Written by Maneesh Chhibber | New Delhi | Updated: August 28, 2015 4:29 pm
Death Penalty, death penalty debate, Law Commission India, Law Commission, Law Commission death penalty, abolition of death penalty, Mumbai blasts, Yakub Memon hanging, Law Ministry, Death Penalty, India, Yakub Memon, India News, indian express Law Commission chairman Justice (retd) A P Shah.

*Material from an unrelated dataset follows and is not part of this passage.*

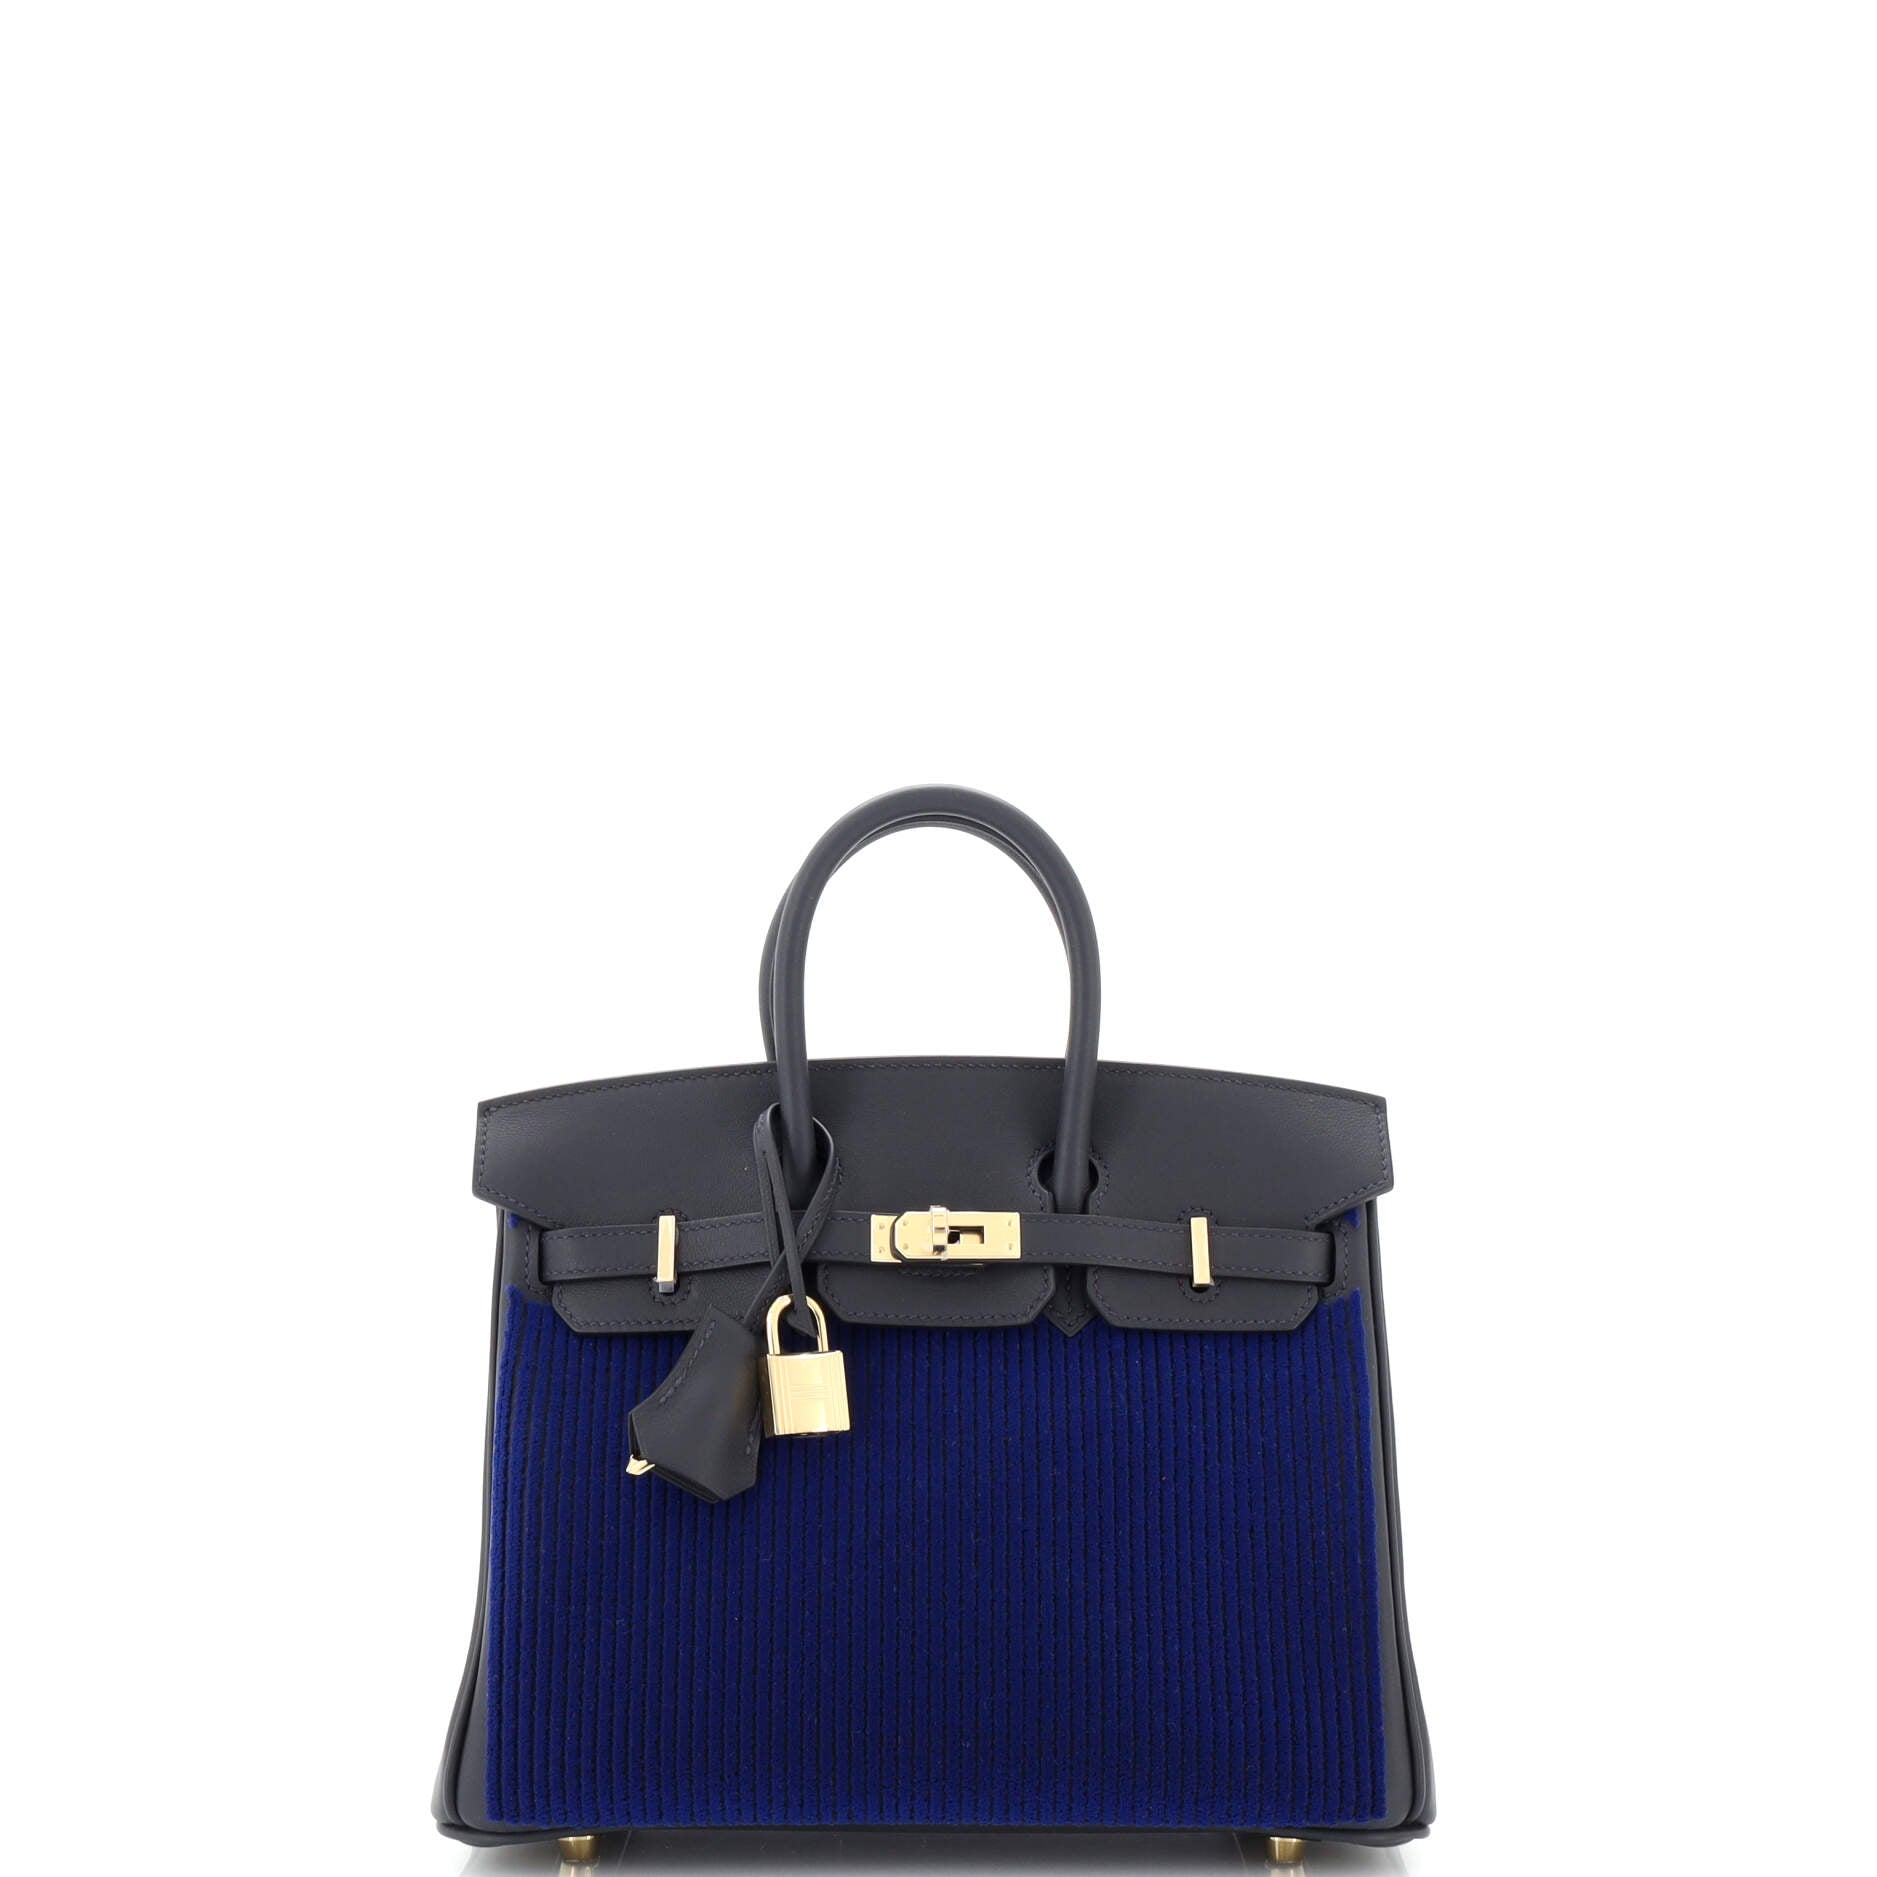 Cote a Cote Birkin Handbag Blue Tuffetage and Swift with Permabrass Hardware 25

In what will be a reversal of its earlier stand, the Law Commission of India is set to recommend abolition of death penalty in the country.

A 272-page draft report of the Law Commission, circulated among members, favours speedy abolition of the death penalty from the statute books, except in cases where the accused is convicted of involvement in a terror case.

India is one of 59 countries where the death penalty is still awarded by courts. More recently, the issue was debated in the run-up to the July 30 hanging of Mumbai blasts convict Yakub Memon.

Watch: End Death Penalty, Keep It For Terror Only, says Law Commission (App users click here)

The draft report hopes that the “movement towards absolute abolition will be swift and irreversible”. In 1962, the Law Commission, in its 35th report, had recommended retention of death penalty.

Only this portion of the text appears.